> Exercise aim
Exact copies of all the lines below are required, with the pictures omitted.

> Dataset section

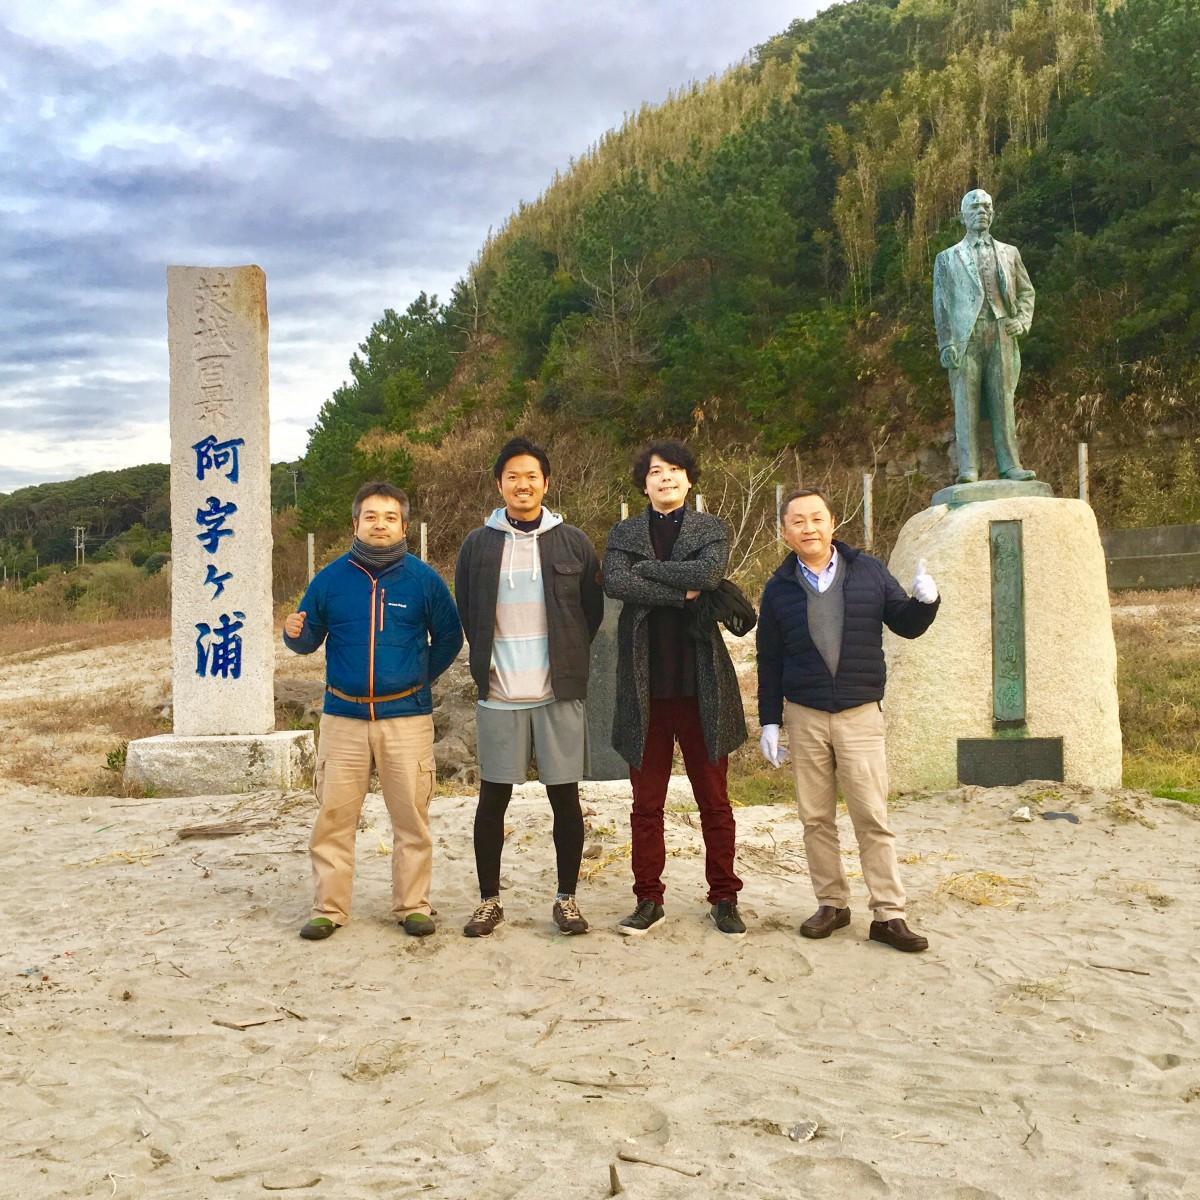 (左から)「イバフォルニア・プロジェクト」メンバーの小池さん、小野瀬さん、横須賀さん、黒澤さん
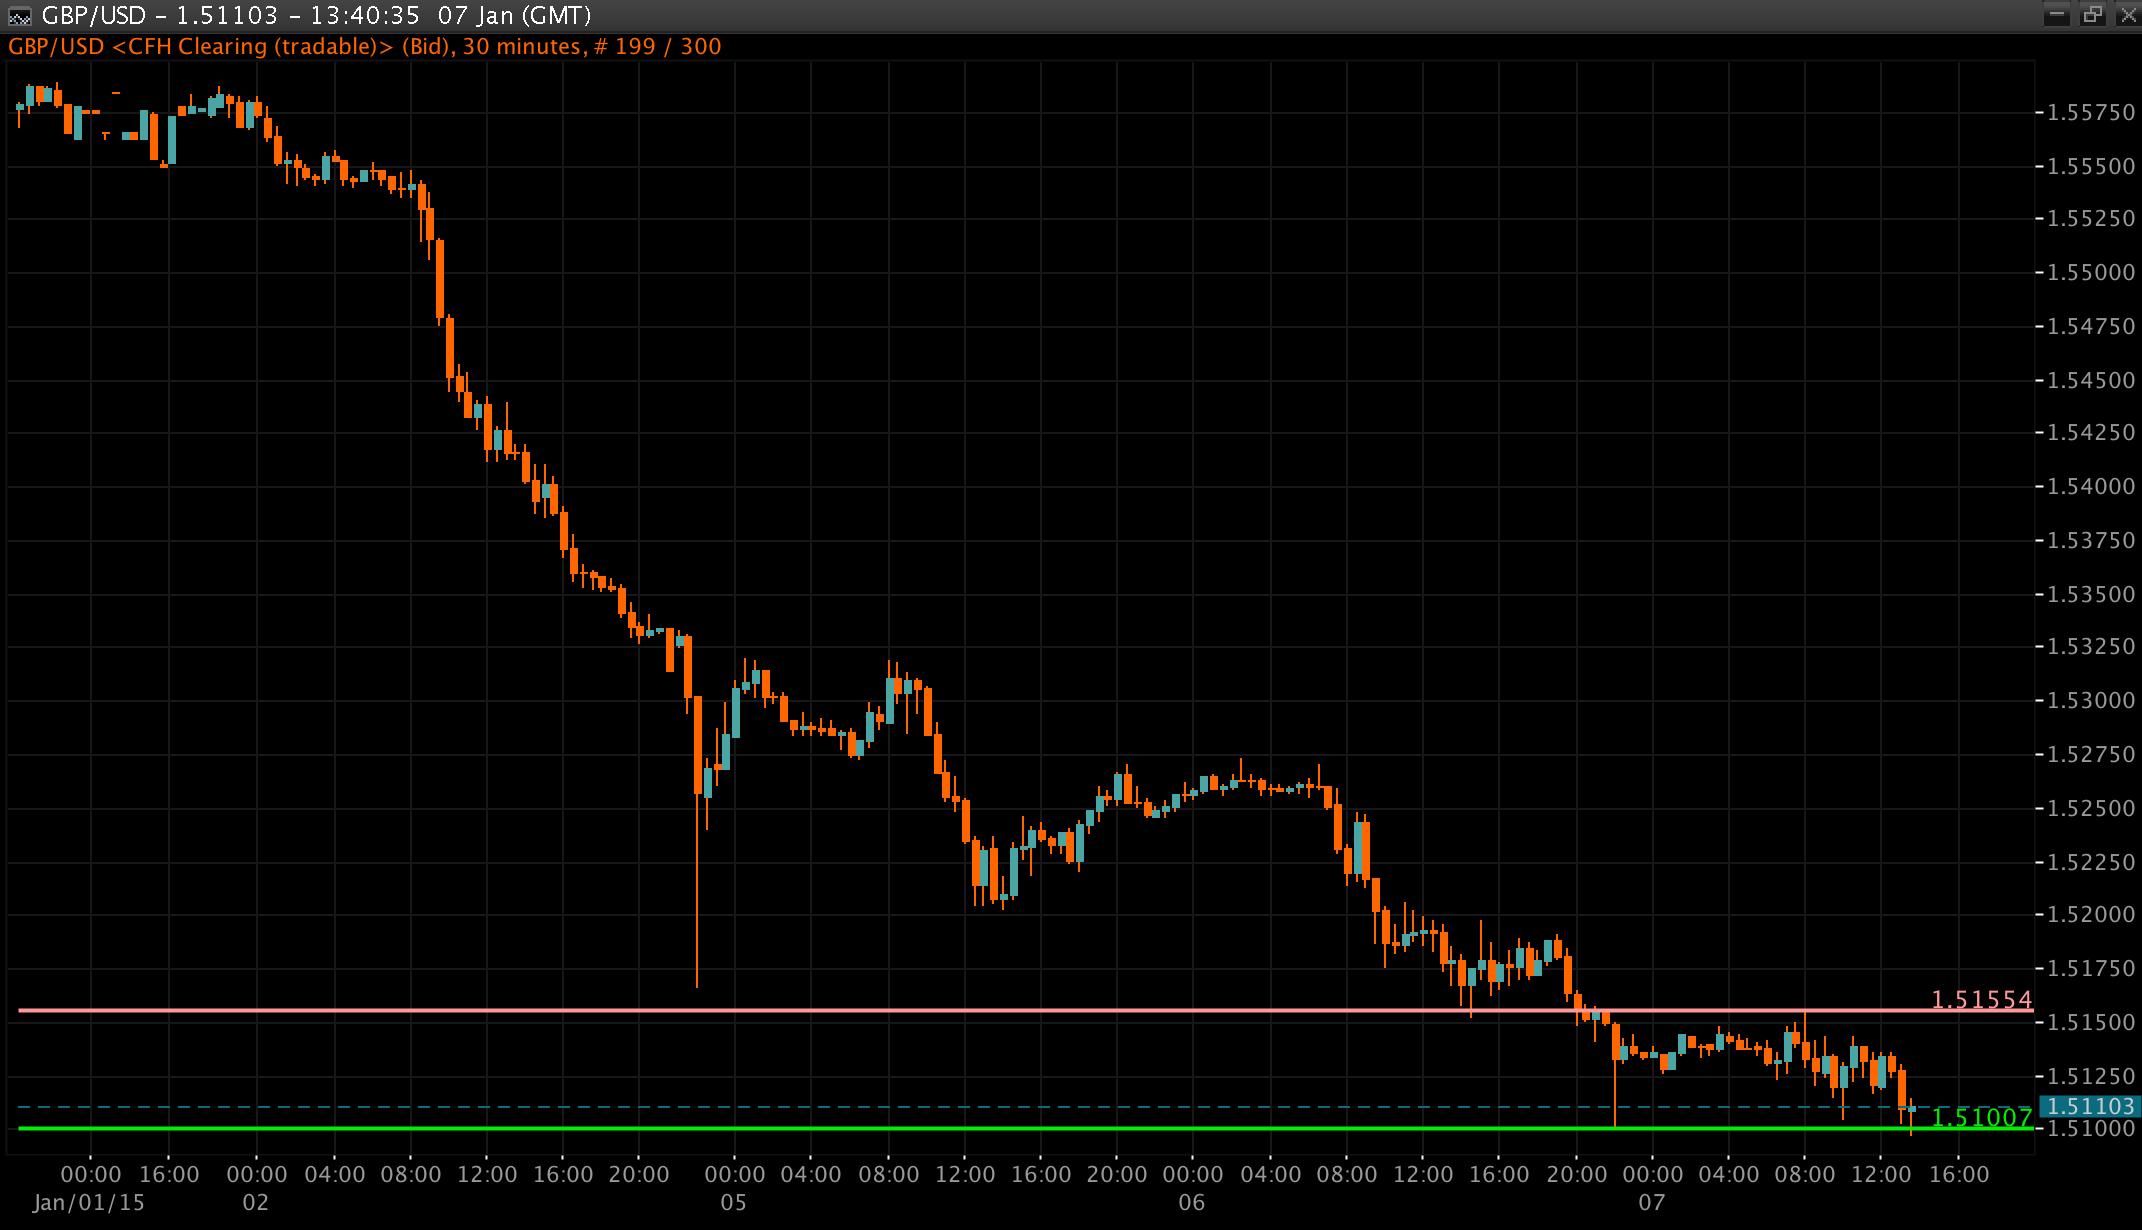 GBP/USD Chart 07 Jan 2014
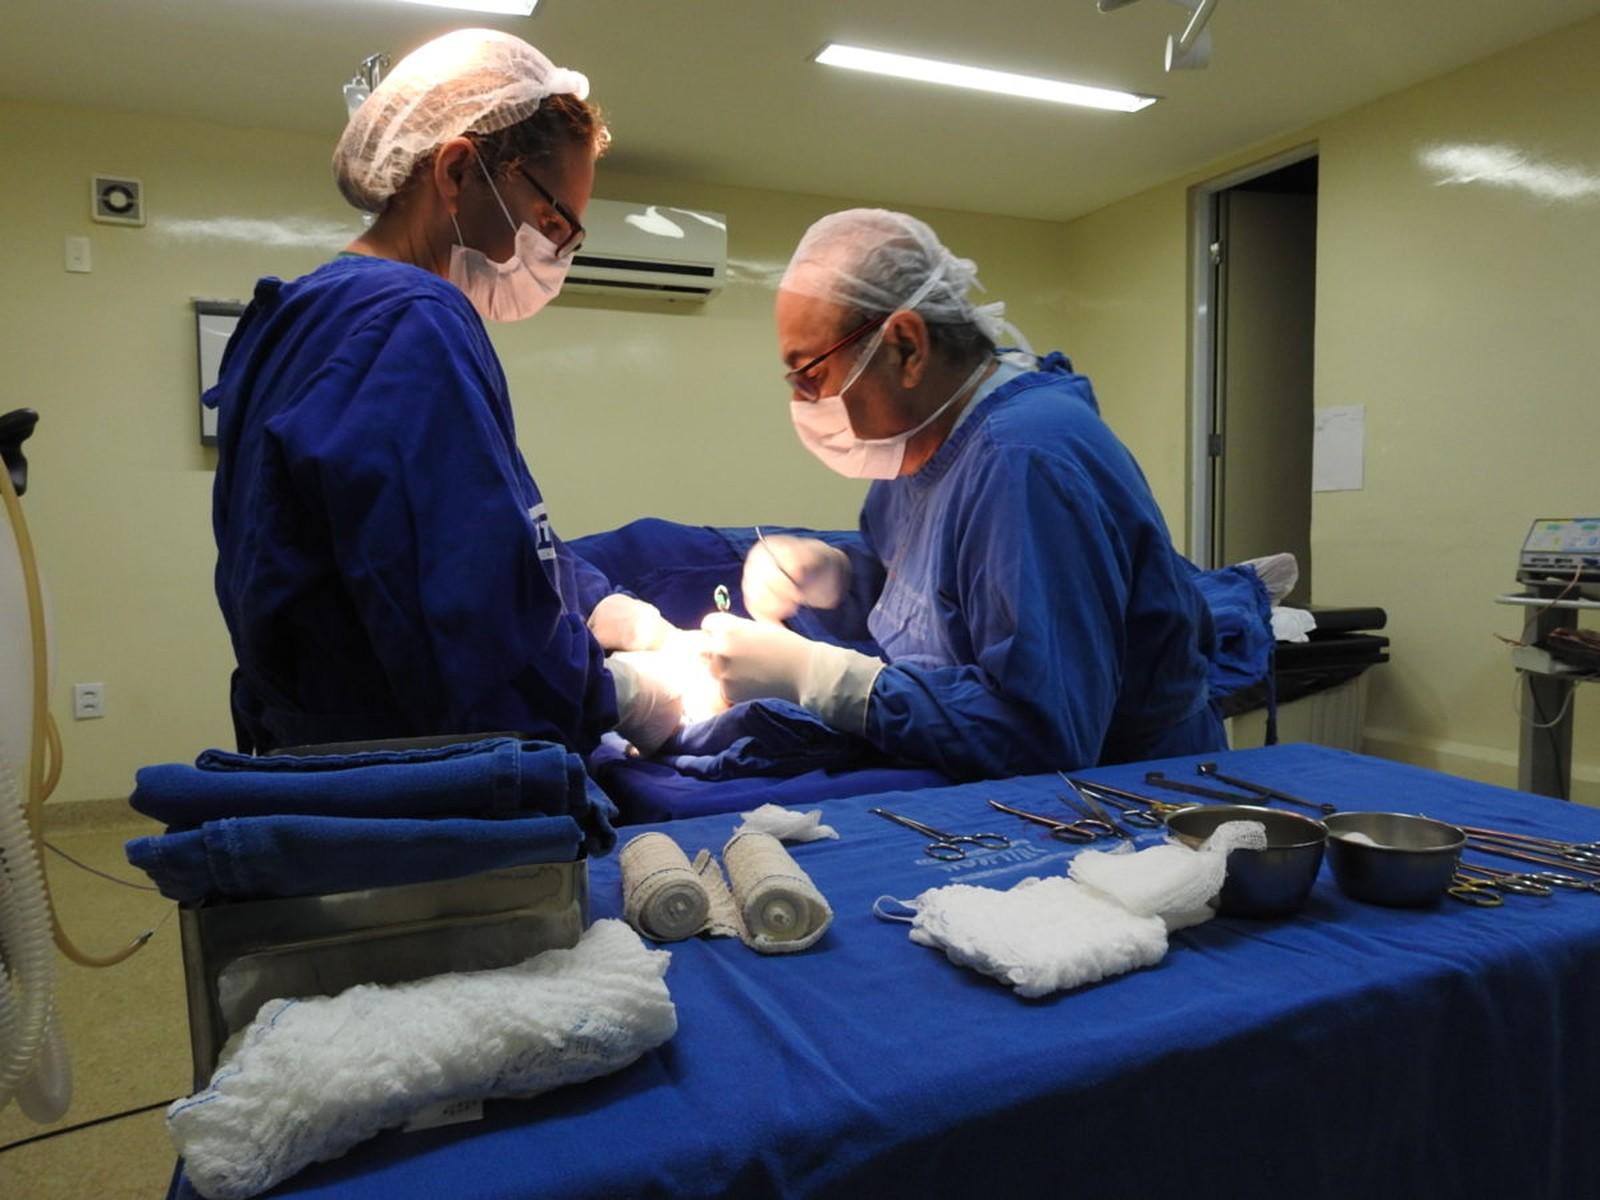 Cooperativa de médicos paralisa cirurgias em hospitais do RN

> Task solution
 (左から)「イバフォルニア・プロジェクト」メンバーの小池さん、小野瀬さん、横須賀さん、黒澤さん
 GBP/USD Chart 07 Jan 2014
 Cooperativa de médicos paralisa cirurgias em hospitais do RN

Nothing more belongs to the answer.